Look at how it is used for buffer version:
- 3 main steps in green:
- Step 1: query for size, then allocate. Implicit runtime synchronization. Then call the work-estimation function.
- Step 2: temp buffer is created and passed to the compute stage.
- Step 3: Finally, query nnz. For buffers, the runtime handles dependencies of buffers. Create the two arrays and add them into the CSR structure, then call finalize. Notice it is called with nullptrs. Once all done, you can use it! Then clean up your stuff.
- Do you have to wait on the queue before you can release the matrix descriptor?
- Those can be interchanged. Once you are done with descriptor, the descriptor is done.
- It is an opaque pointer passed by value; so it is passed by reference essentially. So this operation needs to complete before the opaque structure is free. Way around it would be to make it a pass-by-value.
- You either need a queue.wait() or internally make a copy (which is fine since these are all enums).
- Nvidia introduced on-stream allocator in CUDA 11.
- Callbacks have to be lightweight and cannot make any system calls.
- Lifetime of descriptor was missed in internal reviews, but probably requires the implementation to make a copy of the opaque structure.
- Passing the descriptor by value would imply ABI changes if you later add fields to it, so probably would need to copy it internally (still passing by reference or pointer, but documenting that it is copied right away).
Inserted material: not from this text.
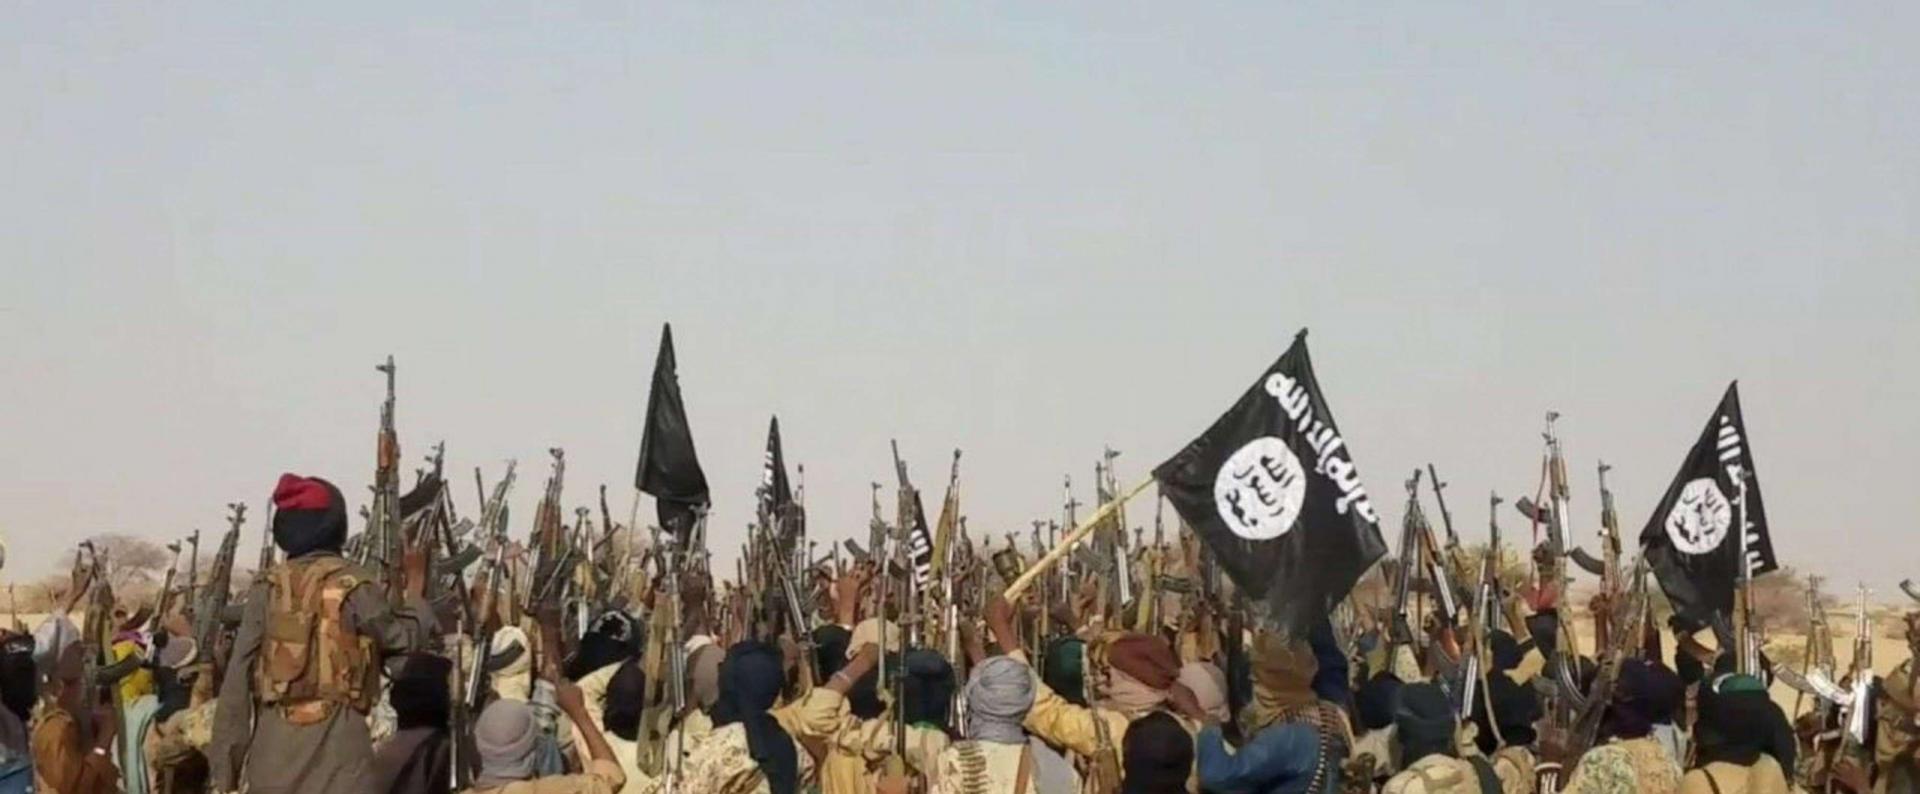 داعش افريقيا يتخلص من زعيم جماعة بوكو حرام وعشرات من قادتها بينما يعمل على استقطاب مقاتليها وعددهم بالآلاف

- Assume I have another matmat, with same sparsity but different values. Can I skip steps 1/2, and just apply step 3?
- Temp buffers 1 and 2 are used internally throughout. End of finalize (step 3.3), we remove tracking of them.
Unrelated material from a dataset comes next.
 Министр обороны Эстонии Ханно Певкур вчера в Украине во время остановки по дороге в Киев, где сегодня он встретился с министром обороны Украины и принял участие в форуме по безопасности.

- If I did not apply step 3.3, would I be able to avoid calls, or do I need to start from scratch if only values changed?
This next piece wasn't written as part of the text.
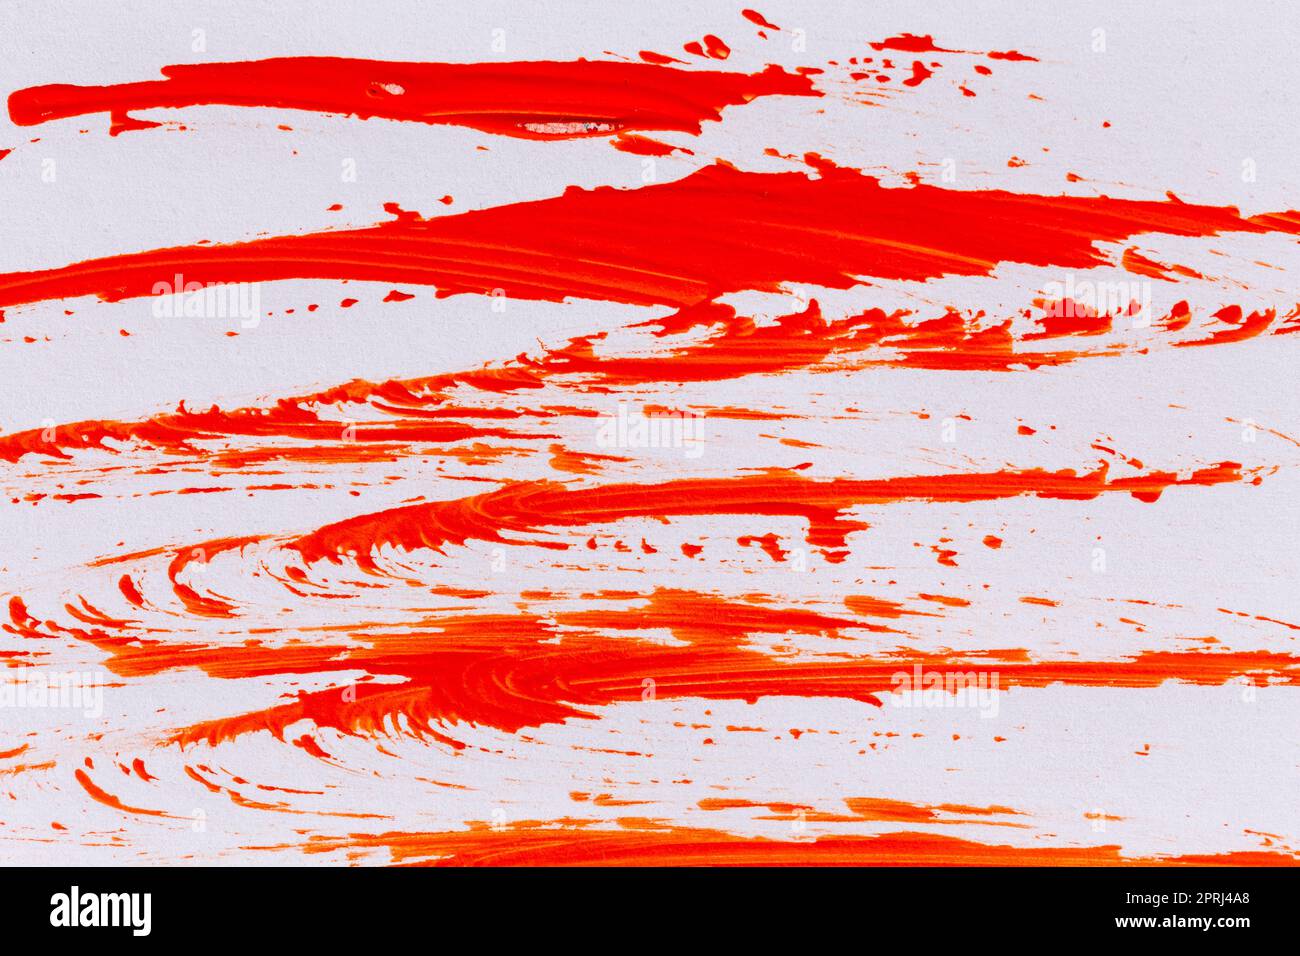 fond de texture peinture acrylique rouge orange Banque D'Images

- This is tricky. There is an implicit agreement that a user does not change the sparse matrix handle. Likewise, the library agrees not to change user data. If a user goes in and changes values, this affects anything that has been optimized in - the library does not know about it.
- Could do a notify-values-changed function, or a set-values function that changes just values (not sparsity).
- If you change the values, you would still call compute/finalize. Pass the same arrays, just need to update a value. The dependency tree is complicated. If you change a value, you need to figure out what all is changed.
- Note that for the finite element case, you would be changing all the values at once.
Discussion ended on slide 15; will cover USM API example and possible future extensions at the next meeting.